The First Session
Your first CBT session — sometimes called an assessment — is longer than subsequent ones (typically 60–90 minutes). The therapist will ask about your current difficulties, when they started, how they affect your daily life, and your goals for therapy. They will introduce the CBT model and explain how thoughts, feelings, physical sensations, and behaviours interact — and how the approach will target this cycle.
Be as honest as you can from the outset. CBT works best when you and your therapist have a clear, shared understanding of what you are working on.
The Structure of a Standard Session
Subsequent sessions typically run 50–60 minutes and follow a consistent format. Sessions usually begin with a brief check-in (how has the week been, any significant events?) and agenda-setting — you and the therapist agree on the focus for the session. This collaborative agenda-setting is itself part of the CBT approach.

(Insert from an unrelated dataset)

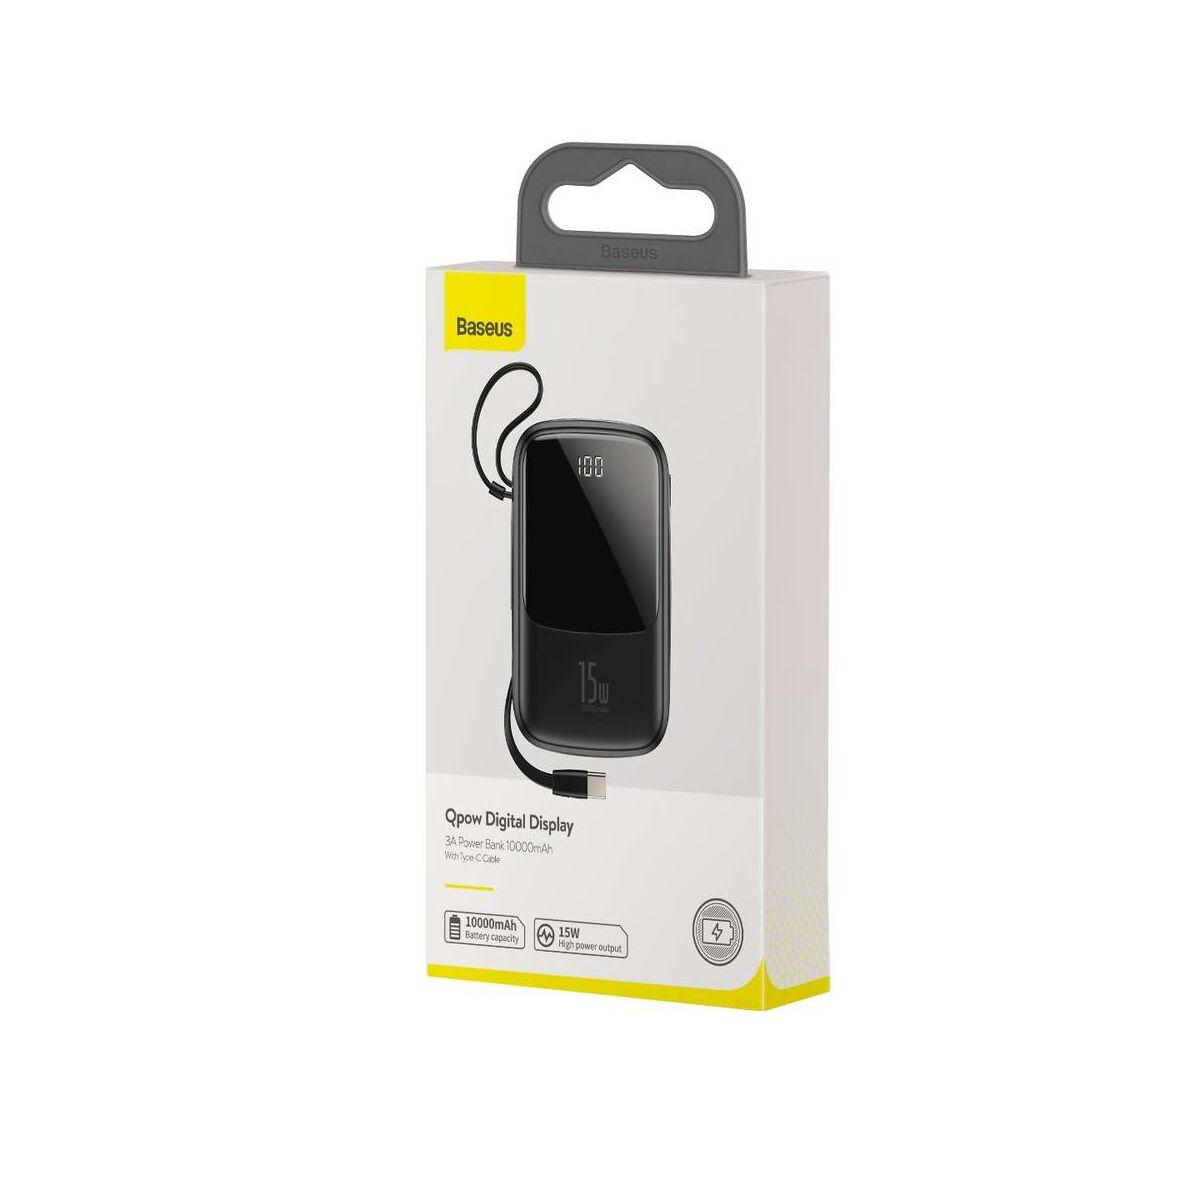 Baseus Power Bank Q pow Digitális kijelző (ajándék Type-C kábellel) 3A, 10000 mAh, fekete (PPQD-A01)

The main body of the session addresses the agreed focus. This might involve reviewing a thought diary you have kept during the week, working through a specific difficult situation using a structured framework, practising a technique such as cognitive restructuring or behavioural activation, or doing a guided exercise in session. The therapist is active and engaged — asking questions, offering formulations, suggesting experiments.
Between-Session Work
CBT is genuinely different from many therapies in its emphasis on between-session work. Each session ends with an agreed task for the following week — this might be keeping a thought record, scheduling three activities you have been avoiding, or practising a relaxation technique. This is not optional extra work: it is where the real learning happens. Research consistently shows that homework completion is one of the strongest predictors of CBT outcomes.
How Sessions Progress
Early sessions are often more psychoeducational — building a shared understanding of your patterns. Middle sessions apply skills to your specific situation. Later sessions focus on consolidation, relapse prevention planning, and preparing for the end of therapy. Most people notice meaningful change by sessions four to six, though this varies considerably.
Finding a CBT Therapist
In the UK, CBT therapists should be accredited with the British Association for Behavioural and Cognitive Psychotherapies (BABCP). IAPT services (NHS Talking Therapies) provide free CBT for depression and anxiety. In Ireland, the IABCP maintains a register of accredited practitioners.